The aim of this study was to investigate the association between medical waste handling and HBV infection by conducting a meta-analysis of available evidence” Arafa and Eshak (2019).
Background: Hepatitis B virus (HBV) infection is a significant occupational hazard in health care settings and represents a public health concern. The aim of this study was to investigate the association between medical waste handling and HBV infection by conducting a meta-analysis of available evidence.
Methods: Pooled odds ratios (ORs) and confidence intervals (CIs) of the included studies were calculated, using the random-effects model, for medical waste handlers versus non-medical waste handlers. Publication bias was detected using the regression test for funnel plot asymmetry, and quality assessment was conducted according to the Newcastle-Ottawa Scale.
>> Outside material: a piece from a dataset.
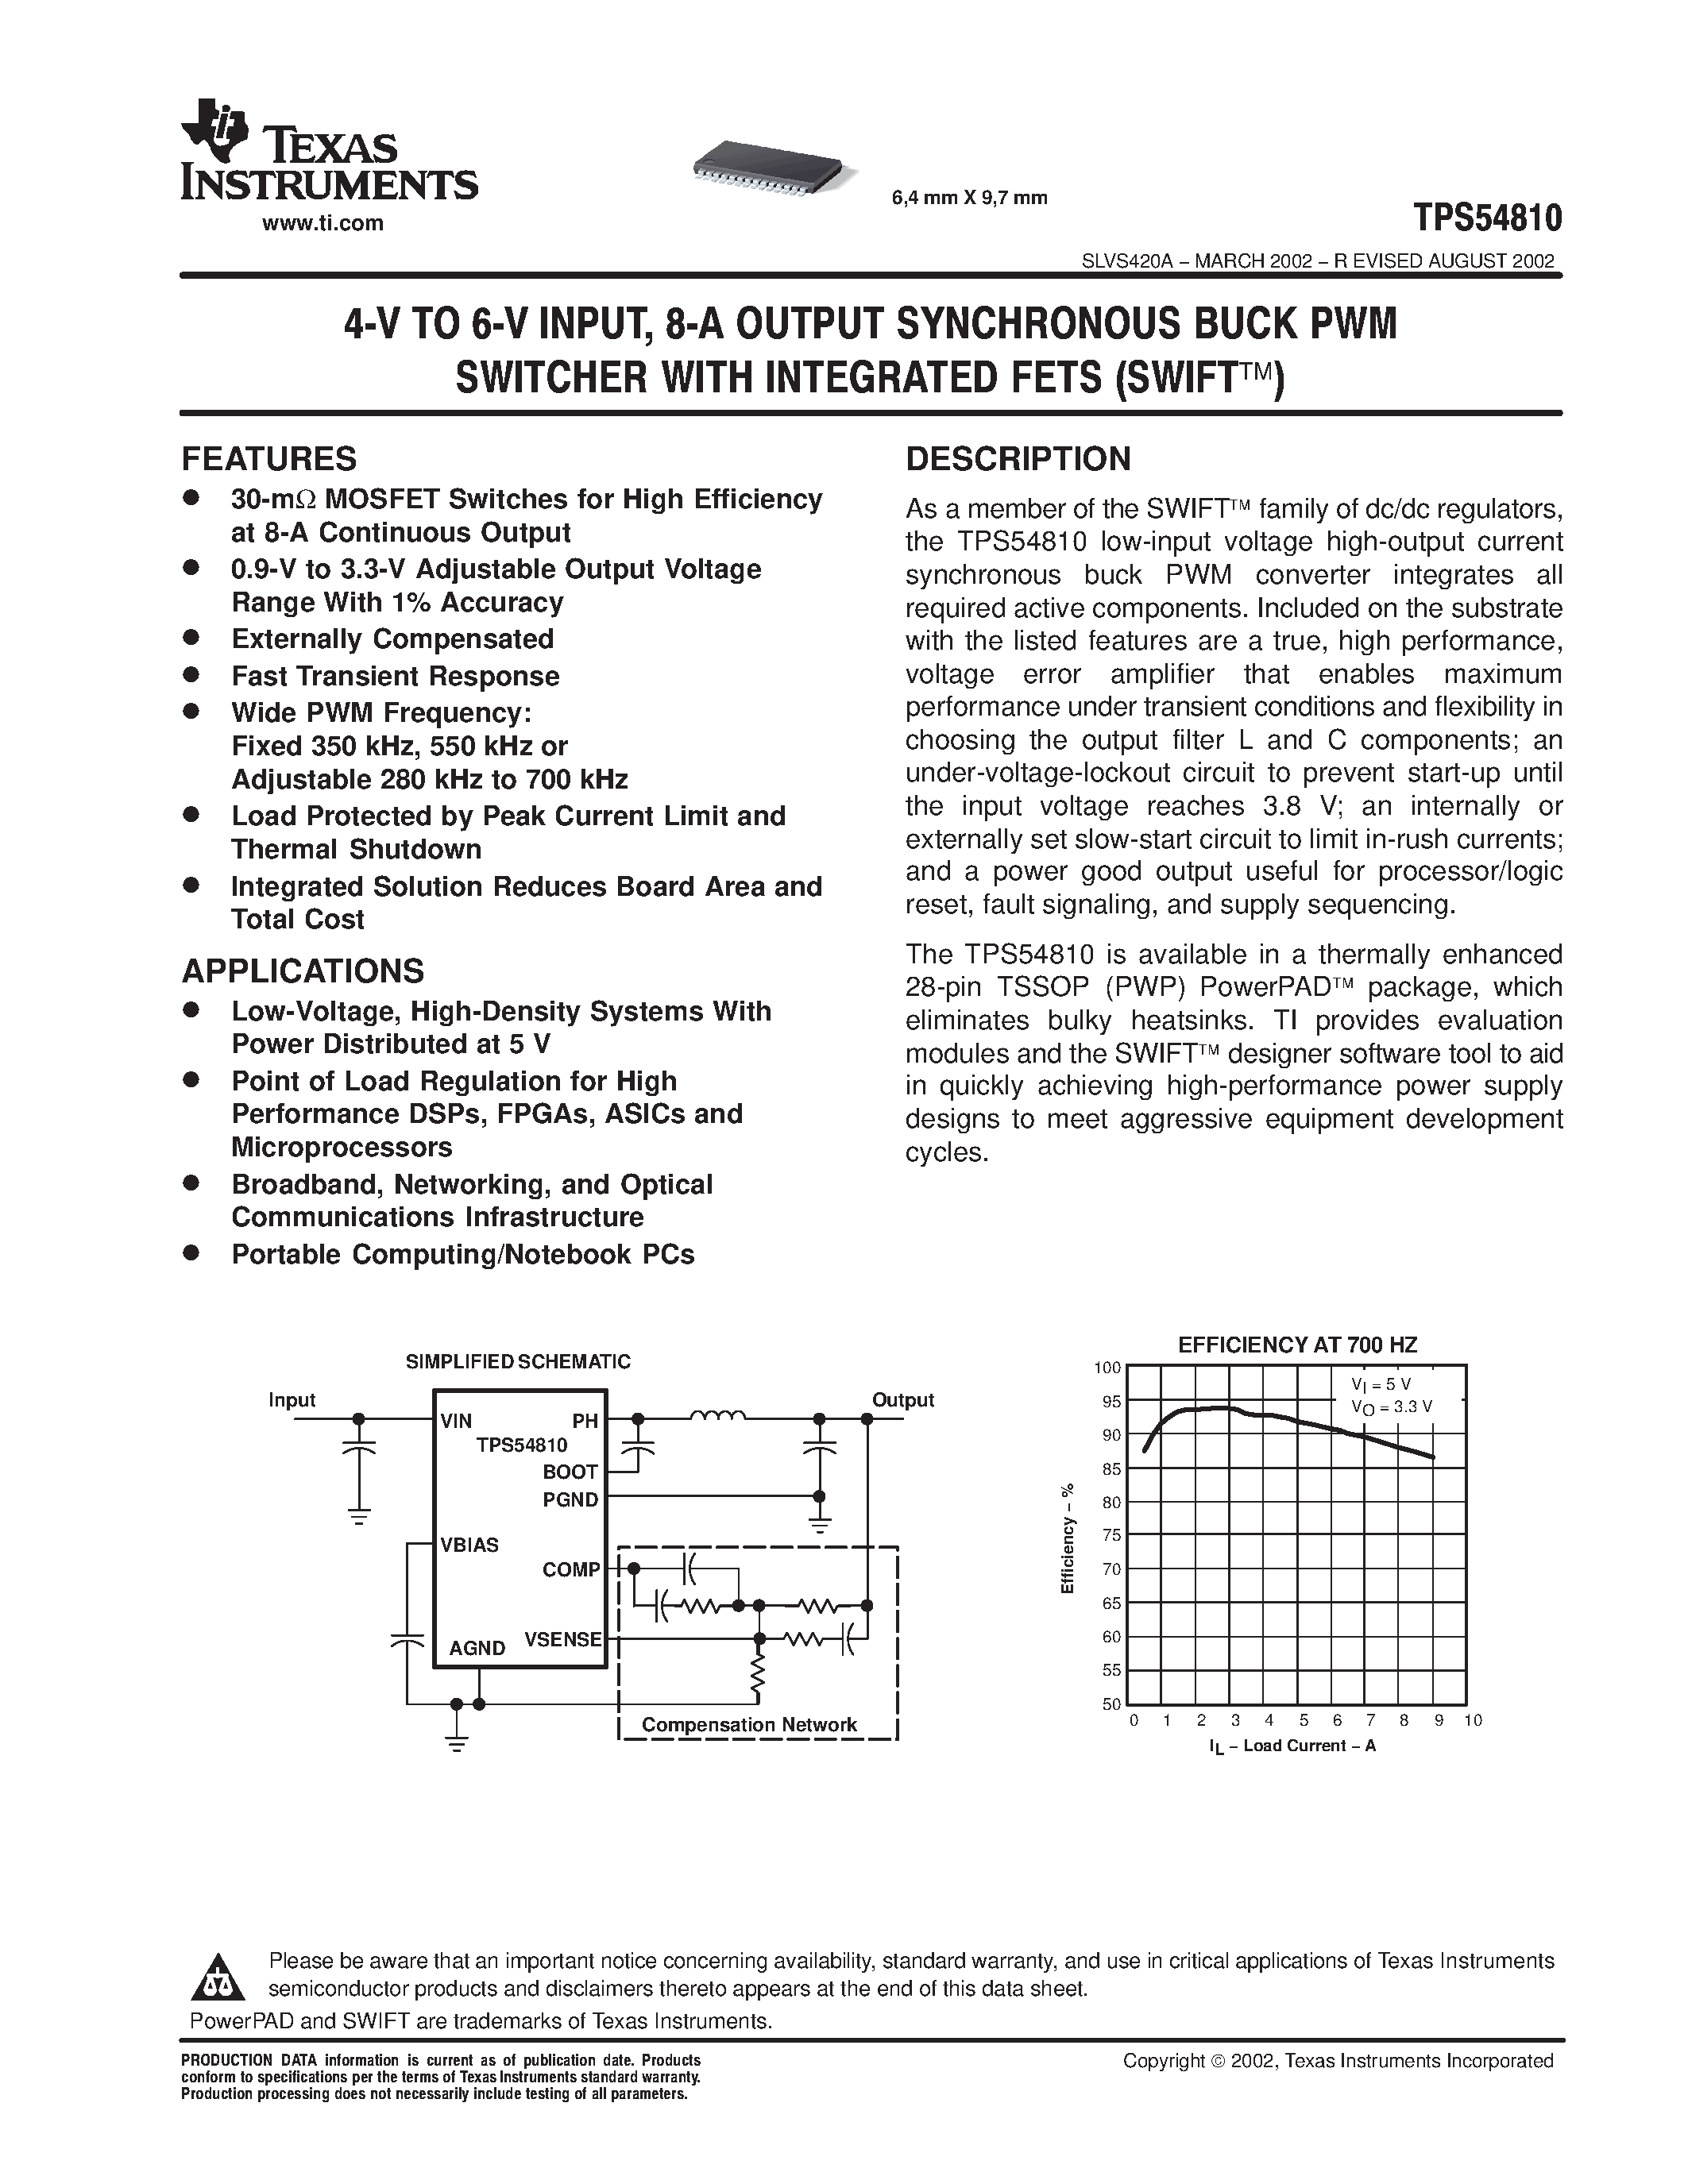 Datasheet TPS54910 - 3-V TO 4-V INPUT/ 9-A OUTPUT SYNCHRONOUS BUCK PWM SWITCHER WITH INTEGRATED FETs (SWIFT) page 1

Results: Nine cross-sectional studies, published between 1992 and 2018, were included. Medical waste handling was associated with higher odds of HBV infection compared to non-medical waste handling (pooled OR = 2.88; 95% CI, 1.40-5.93; I2 = 61.36%; P value for heterogeneity = .008). Subgroup analysis showed higher odds of HBV infection in studies conducted in Africa (pooled OR = 3.61; 95% CI, 1.19-11.00). Most studies were of poor to fair quality; yet, little evidence of publication bias was detected (P value for publication bias = .983). No single study showed a substantial impact on the pooled results.
Conclusions: The present meta-analysis supports the suggestion that medical waste handling is associated with HBV infection. This association was shown to be more obvious in African health care settings.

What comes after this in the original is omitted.